BACKGROUNDIn recent years, there has been a dramatic increase in demand for mobile connectivity solutions utilizing various wireless components and wireless local area networks (WLANs). This generally involves the use of wireless access points that communicate with mobile devices using one or more RF channels.
Due to the large number of components and the high-complexity of software systems running in a network environment, there is a great risk of downtime due to one or more software processes crashing or operating improperly. When such processes do fail, significant personnel and computer resources are needed to bring the system back up. Often, an operator must manually restart the entire system.

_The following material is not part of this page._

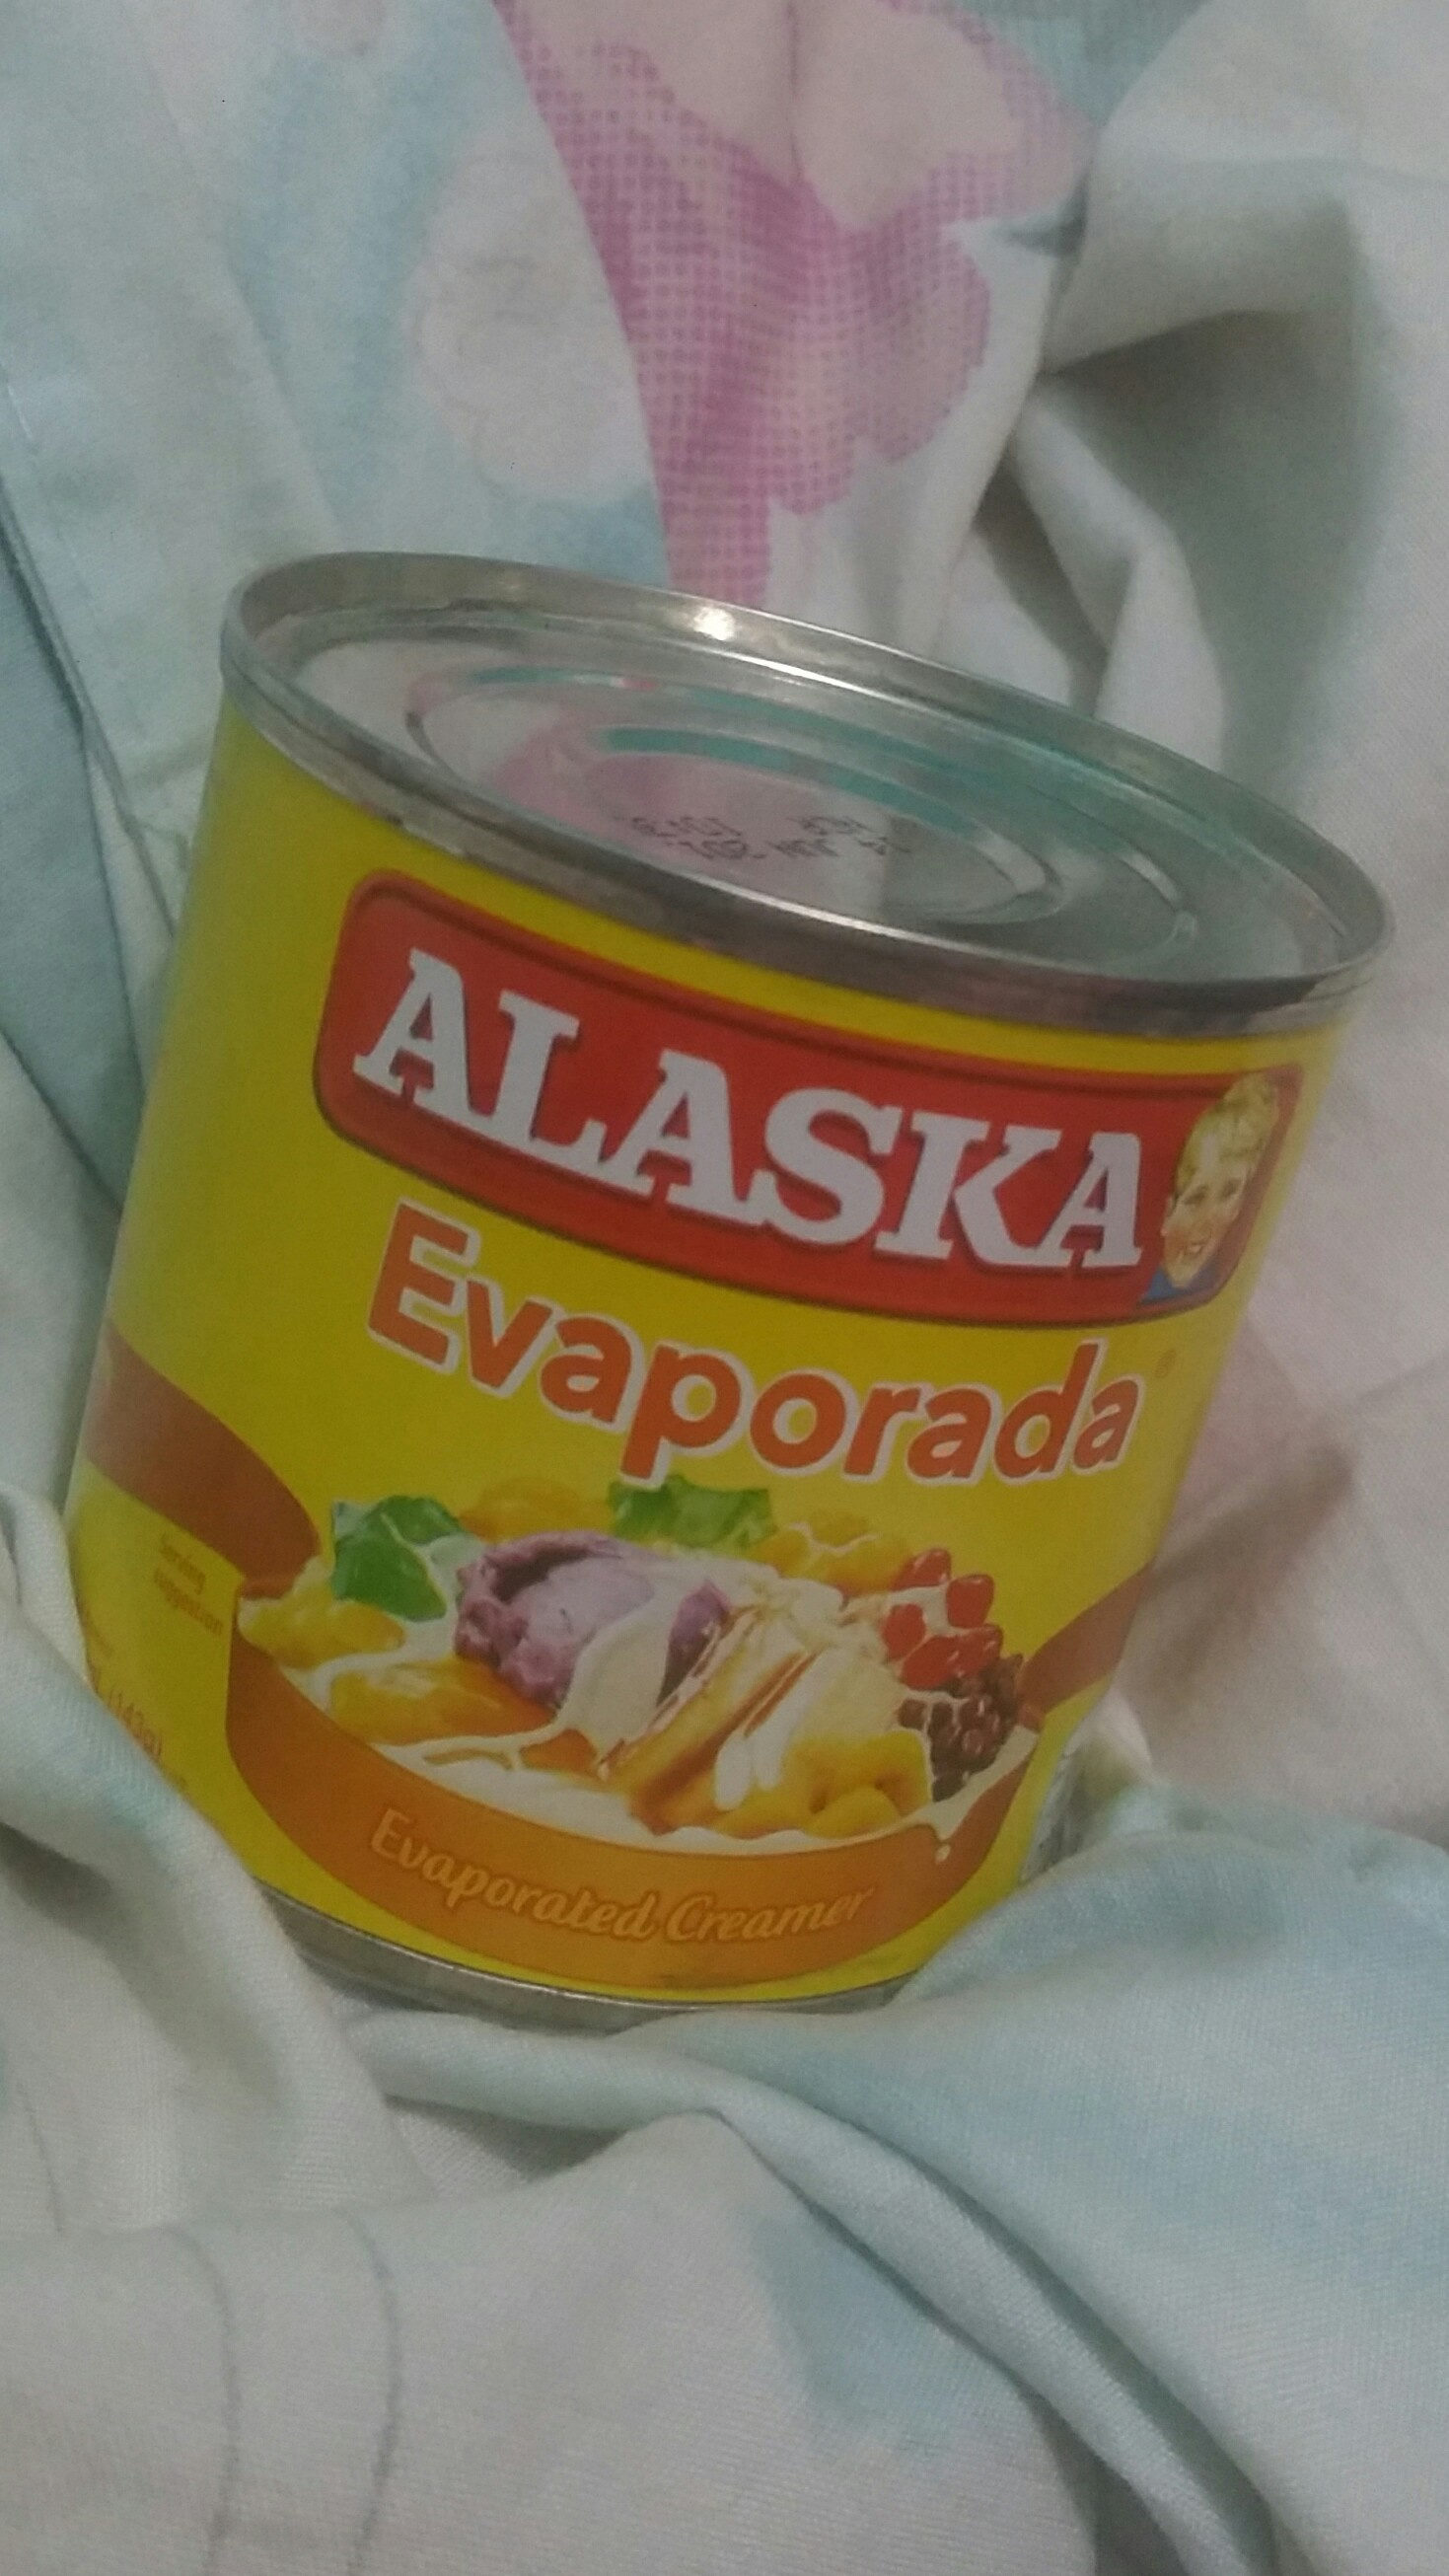 alaska evaporada - Product - en

As an operator is not always available on-site, it is not uncommon for computer networks to experience extended and unnecessary down-time while waiting for the operator to troubleshoot and remedy the error.
Accordingly, it is desirable to provide systems and methods for automatically monitoring and addressing software errors as they occur in a network. Furthermore, other desirable features and characteristics of the present invention will become apparent from the subsequent detailed description and the appended claims, taken in conjunction with the accompanying drawings and the foregoing technical field and background.
BRIEF SUMMARYIn accordance with one embodiment of the present invention, a process monitor is configured to monitor the state of a number of software processes through the use of regular “heartbeat” messages sent by those processes. In the event that expected heartbeats are not received, or are received at unexpected intervals, the process monitor decides what action to take—e.g., whether that process should be restarted, killed, terminated, or the like. The heartbeats may distinguish, for example, between processes that are no longer running, and processes that are running but not functioning properly.
BRIEF DESCRIPTION OF THE DRAWINGSA more complete understanding of the present invention may be derived by referring to the detailed description and claims when considered in conjunction with the following figures, wherein like reference numbers refer to similar elements throughout the figures.
The following detailed description is merely illustrative in nature and is not intended to limit the invention or the application and uses of the invention. Furthermore, there is no intention to be bound by any express or implied theory presented in the preceding technical field, background, brief summary or the following detailed description.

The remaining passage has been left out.